Case study: Klipfolio dashboard uses radial gauges to display measurement values within a specific range. Graph ring visualization is a typical example of large space conveying less information (in the previously mentioned article, it is also the kind of poor preprocessing effect), and the angle has become the main means of conveying key data. Below, the same dashboard uses a significantly better linear bullet chart to convey similar information.
3D chart
Using a 3D chart to represent the two variables in a plane is usually for better presentation, but it will make the conveyed information difficult to obtain quickly and accurately, because it breaks the visual shape and alignment of the conventional display data and is easily affected. Compared with the 2D chart, the distortion effect of 3D visualization is more difficult to interpret correctly in 3D, and it is harder for users to see which scale is aligned with the top of the bar chart? What is the corresponding value?

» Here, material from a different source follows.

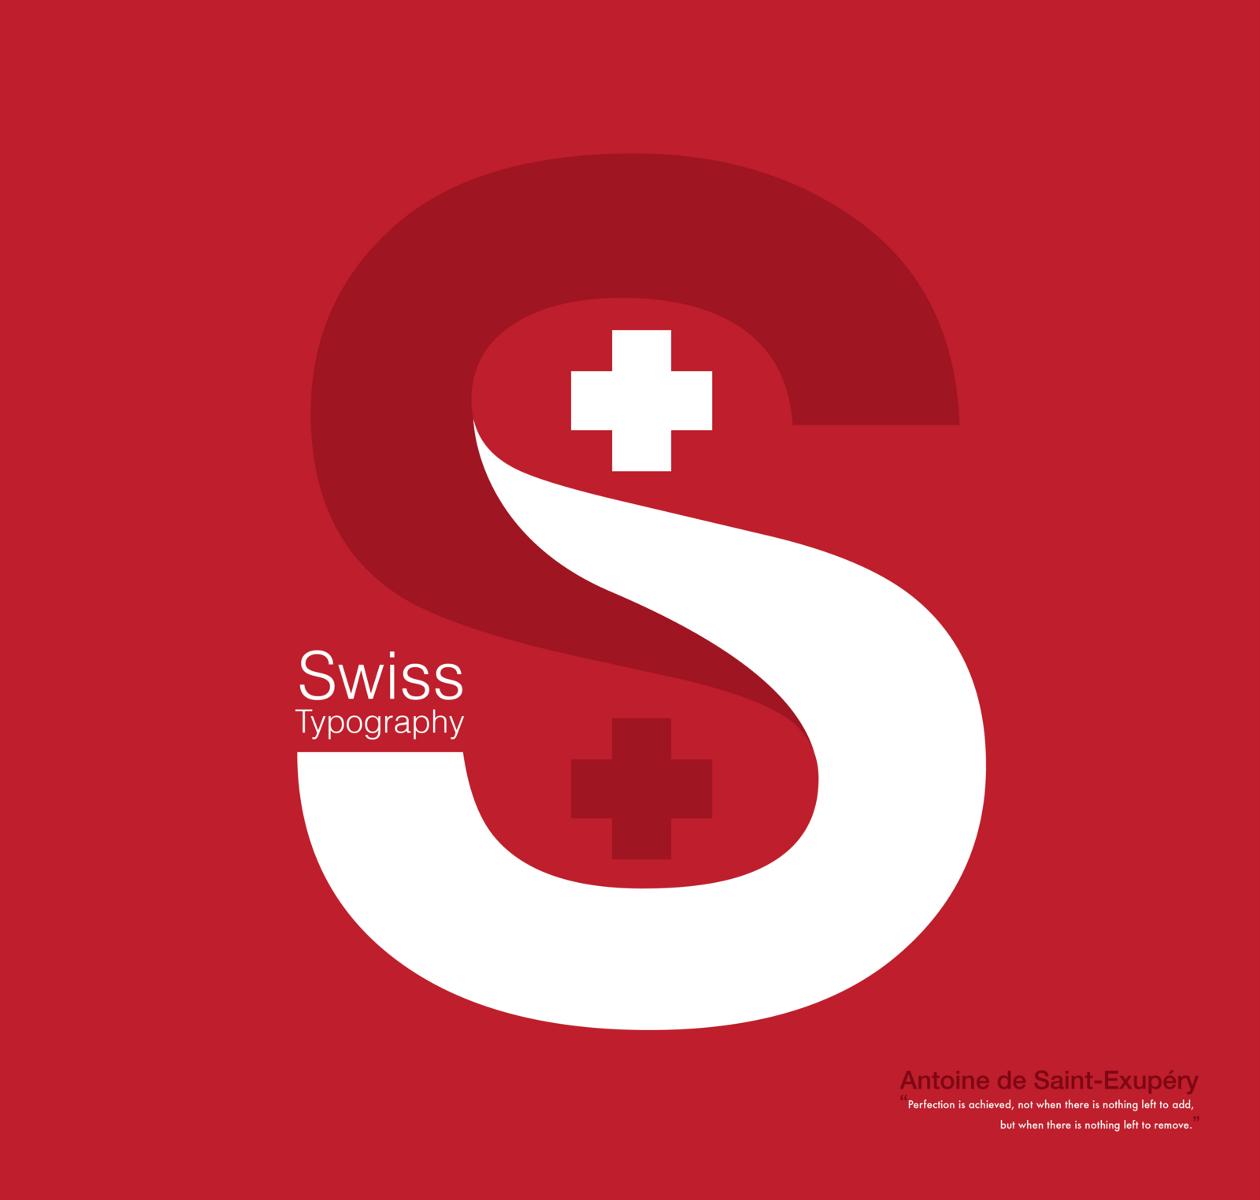 flat-design-swiss-style-international-typographic-style

Case study: Because the 3D chart breaks the conventional shape presentation, it brings a certain degree of difficulty to reading the value. It is more difficult to distinguish which column is shorter in a 3D histogram than before, but in fact, in a 2D chart, the resolution of length is the most efficient. For example, determining the specific relationship between the third and fourth quarters in the above 3D chart is more difficult than the 2D version of the same data.
Case study: In a 3D pie chart, the area is relatively perspective. The perspective view is presented on a flat surface, usually near the big and small, so the bottom tilted closer to the observer looks larger than the far part. Such visualization can mislead the analysis of the data, and it is difficult for viewers to distinguish the proportion by the size of the area or volume.
Use colors, shapes, and grouping to display categories
Although colors and shapes are not good at showing quantitative relationships, they can be used to indicate classification. According to the Gestalt psychology-similarity principle, items with similar shapes or colors are usually considered to be related. In addition, the proximity of space can also indicate grouping. Due to the large number of patients with color vision disorders, general color attributes such as hue or saturation are used as secondary grouping prompts, rather than as the main way to display groups or categories. Choosing a shape or clear visual grouping is a more reliable signal for correlation, and the use of color attributes helps strengthen these relationships. Color can increase the visual weight of a relationship, but in most cases, it can only be used to enhance information that has been conveyed in a different way (for example, using close or similar shapes). The combination of color and shape can form a more obvious signal.
Case study: Dundas call center dashboard uses shapes and borders to indicate different categories of data. The shape distinguishes the calls from the web chat, and the boundary distinguishes the different customer services. The strength of the color is used to show the overlapping events in the work. This attribute once again emphasizes the importance of this information.
In conclusion
Data dashboards are designed to quickly convey important information without requiring a lot of time or cognitive resources to explain. Therefore, our goal is to integrate key information into the chart, and then let users know the key information in the data at first glance, without perceptual visualization.